What a load of wank

One rainy day a couple of months ago, I sat down with my flatmate-and-partner-in-unemployment, Gem, for the great pursuit of the jobless that is The Jeremy Kyle Show. Flicking through the channels, we came across one of those Channel 4 programmes aimed at schools, this one tackling the tricky topic of masturbation. Intrigued, we settled down to watch. The aim of the show was to highlight masturbation as one of the last taboos in today’s society, and to shatter its reputation as being wrong and dirty – quite an ambitious mission statement for a half-hour programme!
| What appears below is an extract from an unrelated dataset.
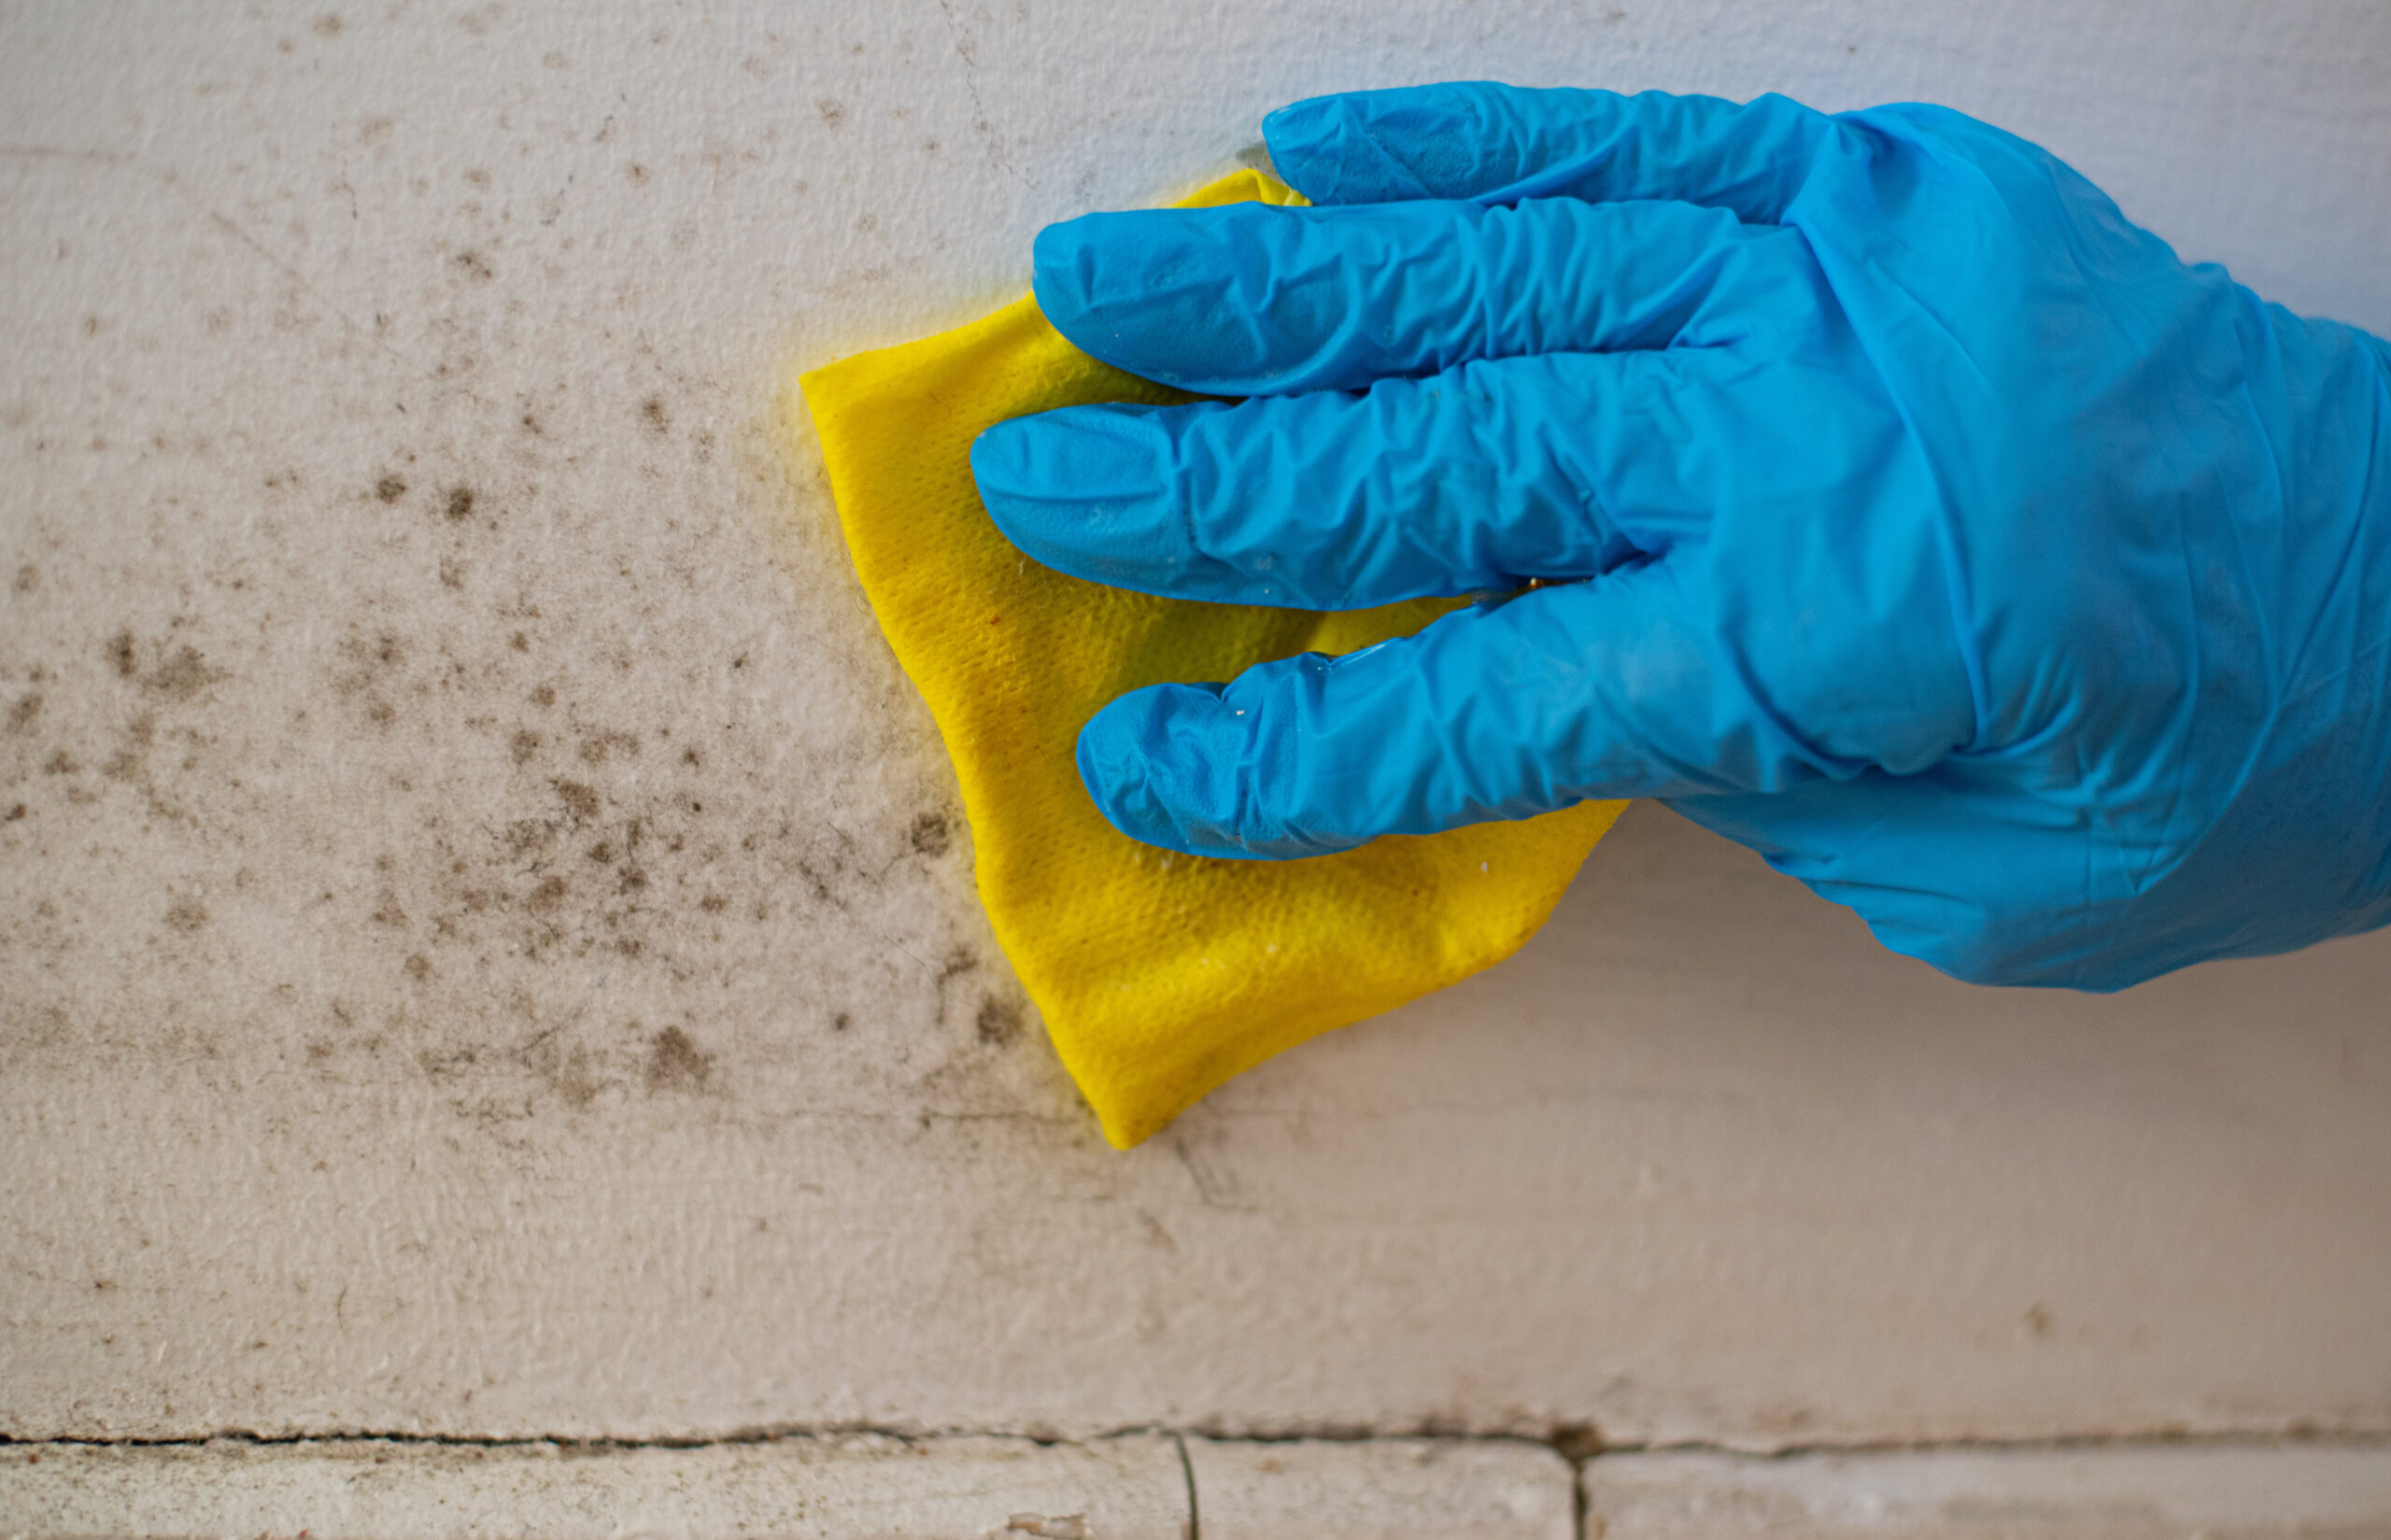 A Professional Hand holding a sponge, used in Mold Remediation.
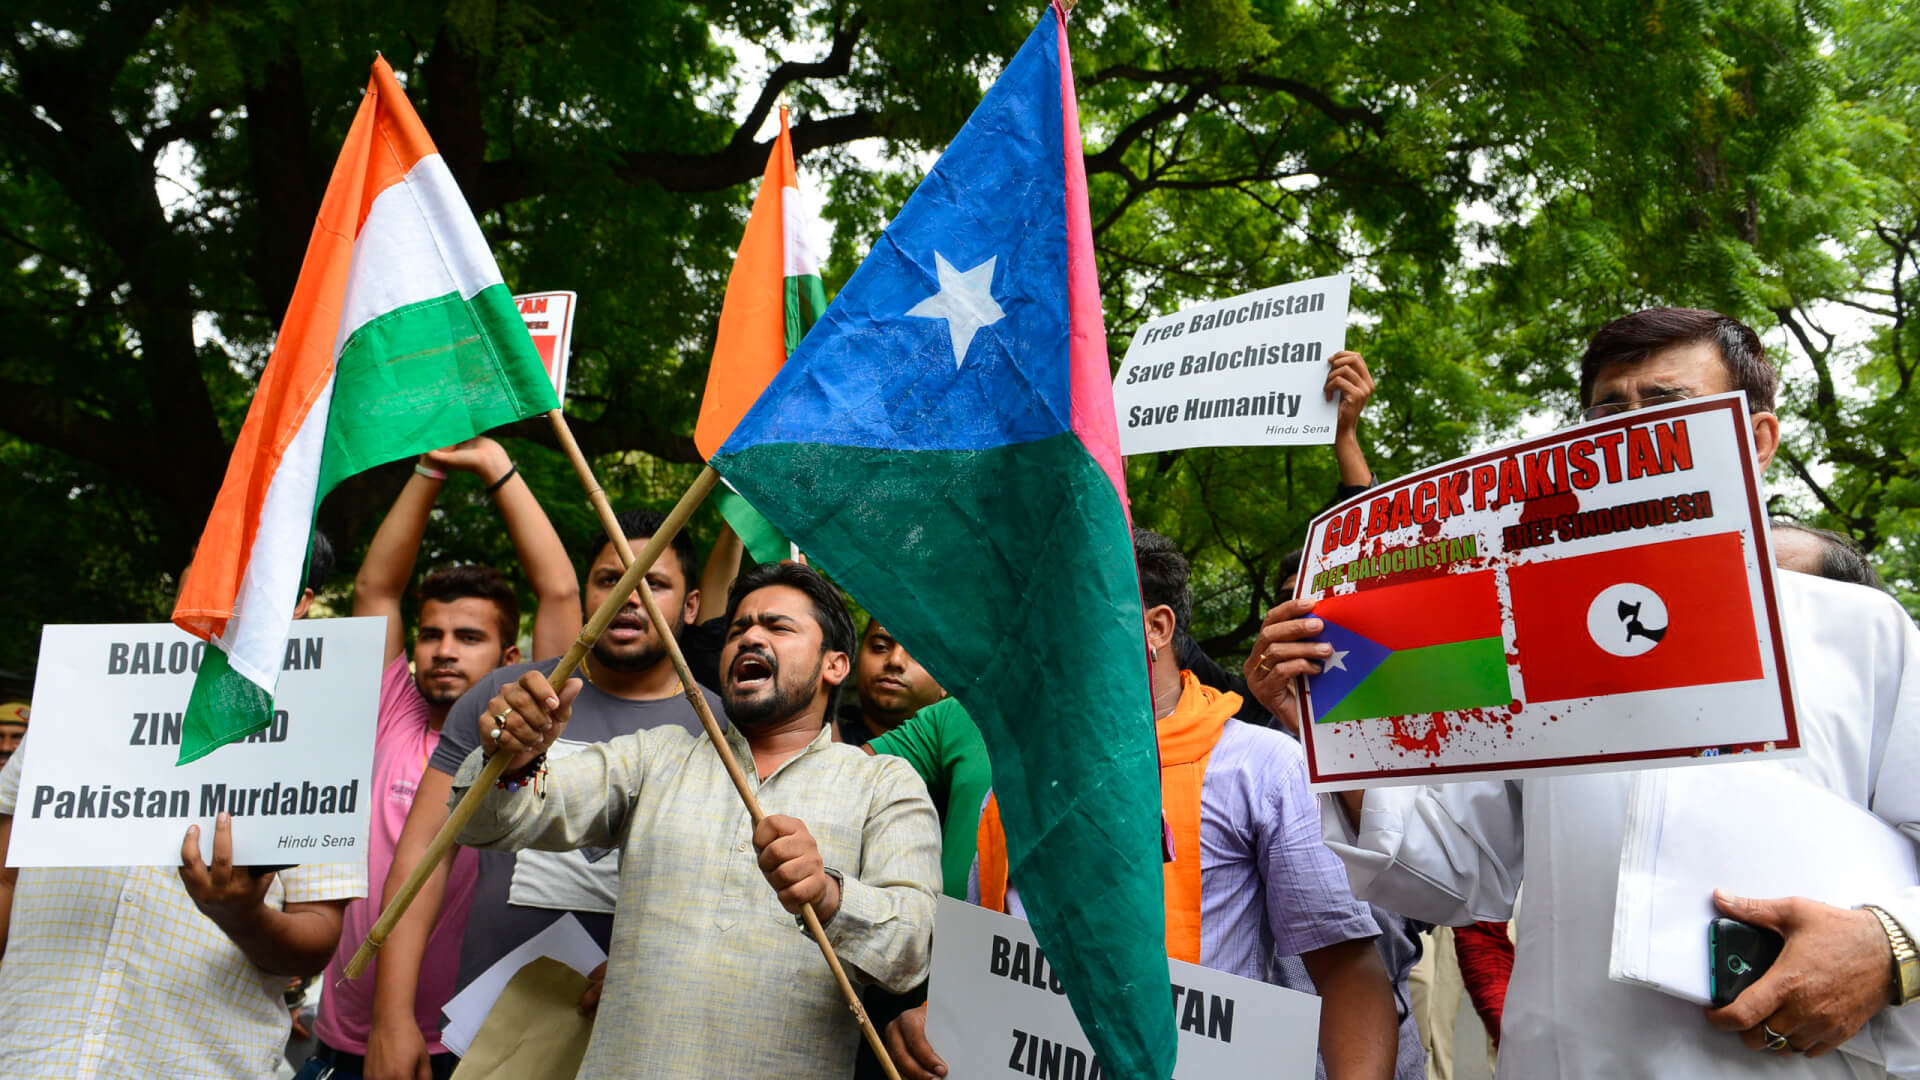 Anti-Pakistan Sentiments Rise in Balochistan, Questions Raised About Forced Disappearances

The presenter spoke to several (and very brave, I might add) same-sex groups of school kids, and asked them about their opinions and experiences.

Initially, the most striking thing was the difference in body language between the sexes. The boys were more than happy to talk about a subject close to their hearts. Cue much hearty bantering about who held the record for the most times in one day, who had discovered it the earliest, and so on.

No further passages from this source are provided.